Background: Successful repair of anomalous origin of coronary artery from the pulmonary artery (ACAPA) is generally associated with a good prognosis. However, risk factors for poor postoperative outcomes have not been well characterized. This study used a multicenter data set to determine predictors of mortality after ACAPA repair.
Methods: A retrospective analysis was performed using The Society of Thoracic Surgeons Congenital Heart Surgery Database's Participant User File. After identification of all patients with ACAPA who underwent repair from 2007 to 2016, demographics, preoperative and intraoperative variables, and postoperative complications were compared between survivors and nonsurvivors. The primary outcomes included (1) in-hospital mortality and (2) the need for postoperative extracorporeal membrane oxygenation (ECMO) support. Multivariable logistic regression was used to determine preoperative and intraoperative risk factors for these outcomes.
Results: Of the 703 patients who underwent ACAPA repair, 20 (2.8%) died during the same hospitalization.

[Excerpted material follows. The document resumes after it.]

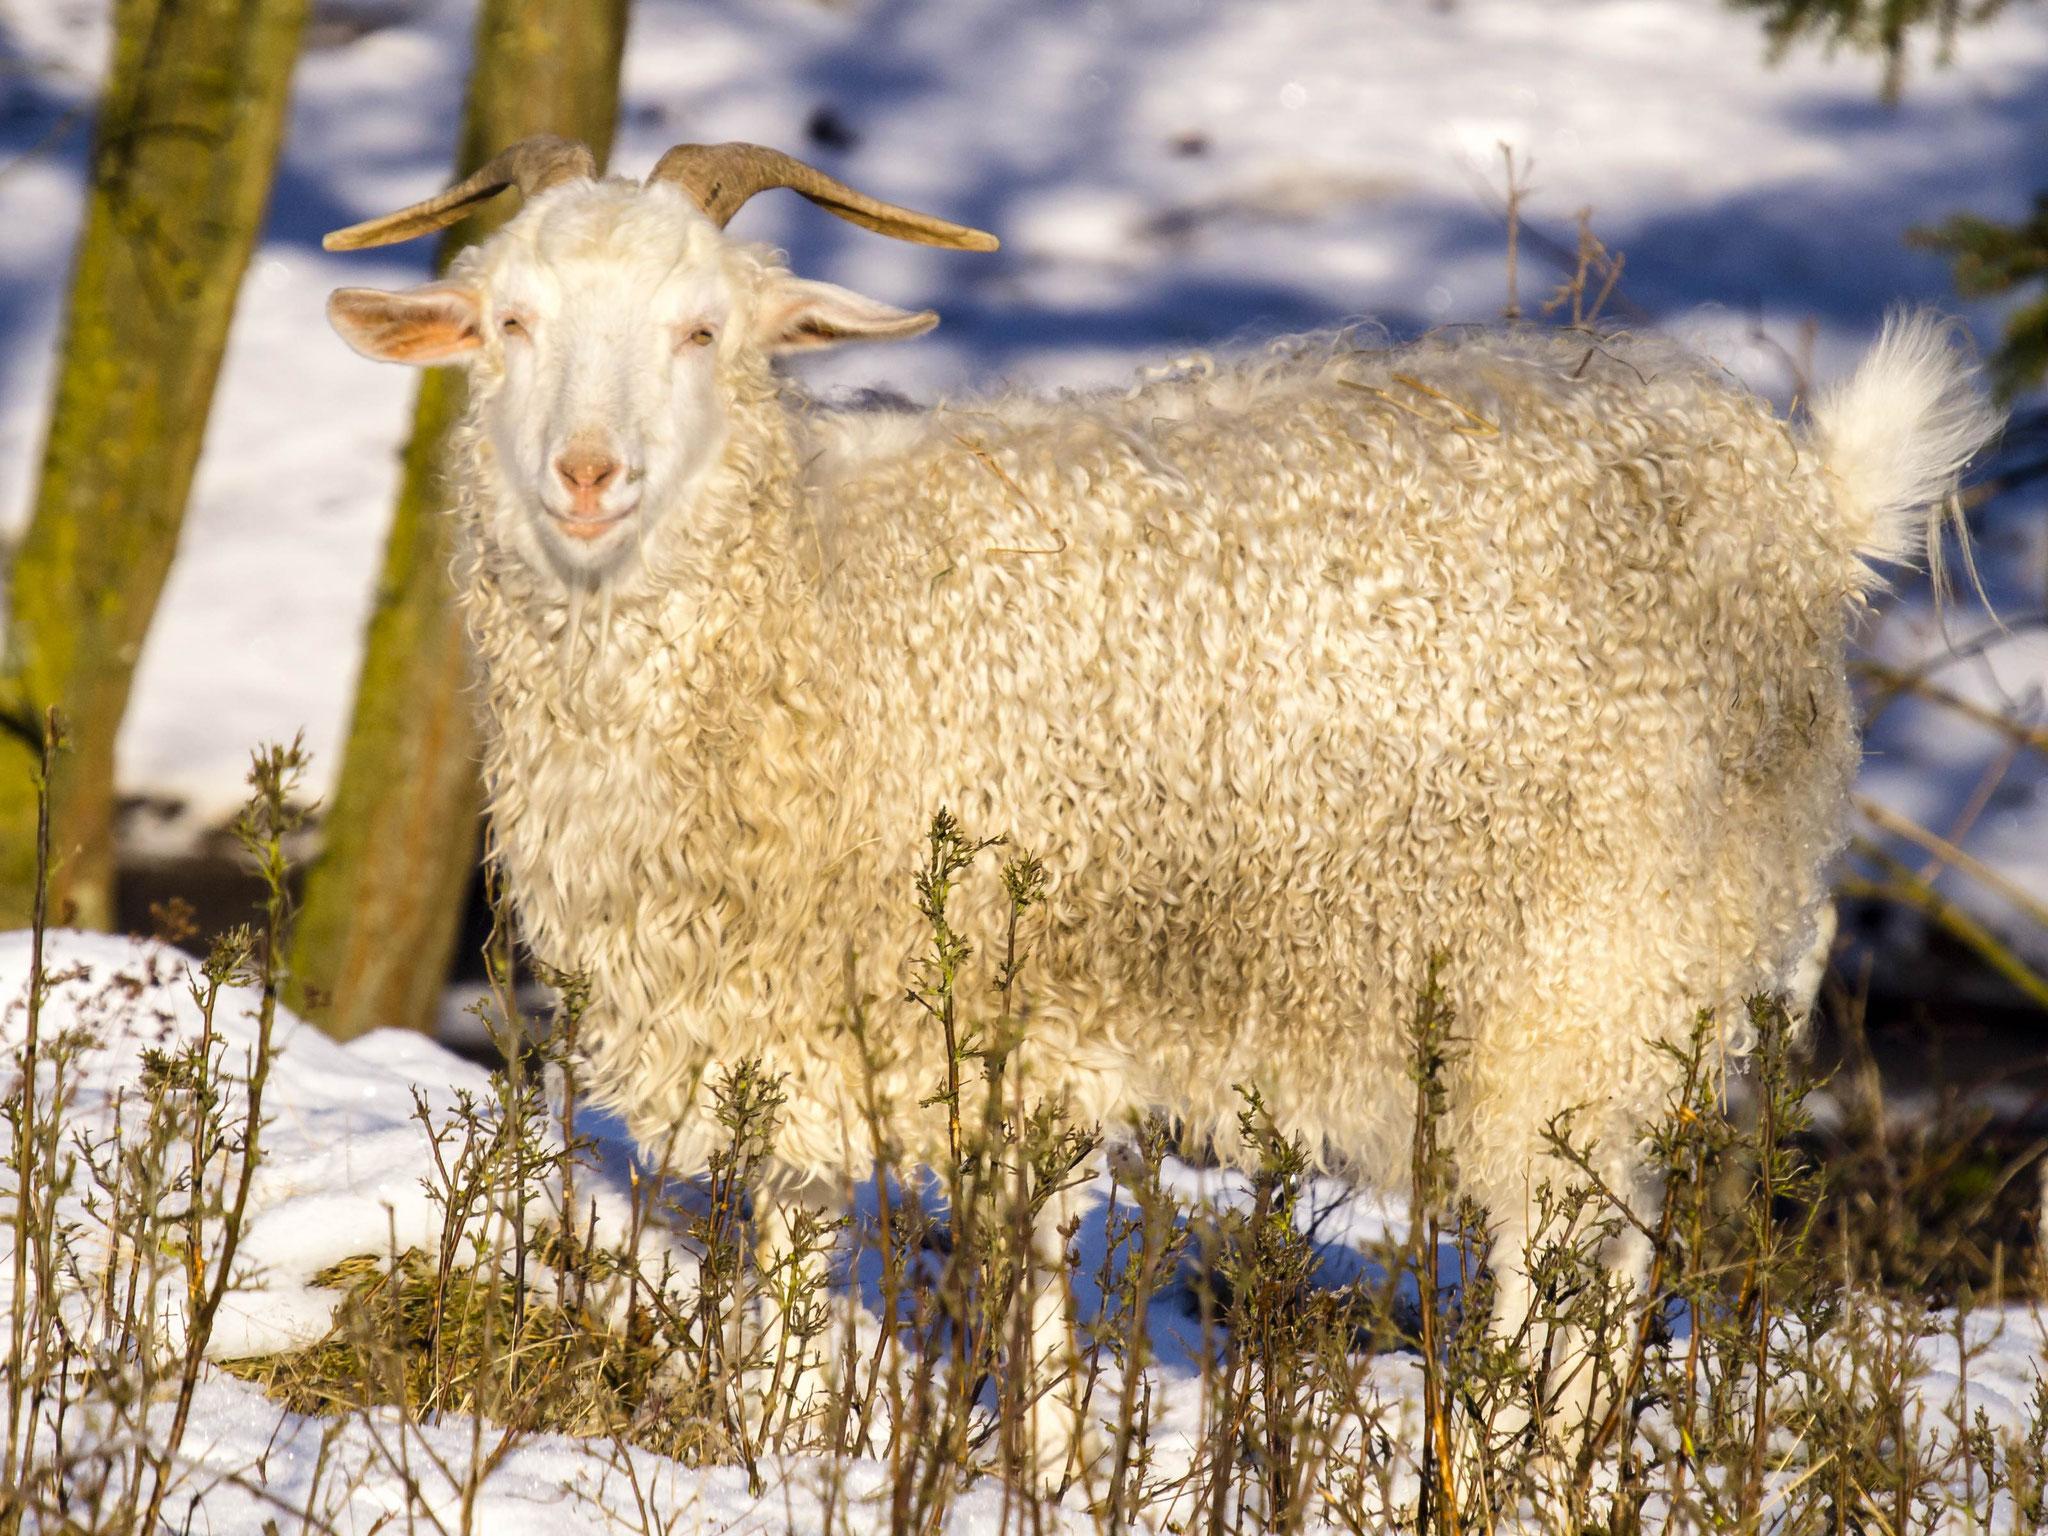 Auch diese Angora-Ziege fühlt sich im Winter draußen wohl.

The odds of mortality were increased if preoperative shock was present (odds ratio [OR], 4.6; 95% confidence interval [CI], 1.4 to 15.1; P = .01) and if postoperative ECMO was required (OR, 11.8; 95% CI, 3.6 to 38.4; P < .001). The odds of postoperative ECMO use were increased if preoperative shock was present (OR, 3.6; 95% CI, 1.6 to 7.6; P = .001). Lower weight was also a risk factor for both mortality and postoperative ECMO.
Conclusions: Lower weight, preoperative shock, and postoperative ECMO use were identified as risk factors for in-hospital mortality in patients undergoing ACAPA repair. These important perioperative factors likely reflect the clinical severity of presentation and suggest a role for early consideration of postoperative mechanical circulatory support to improve outcomes.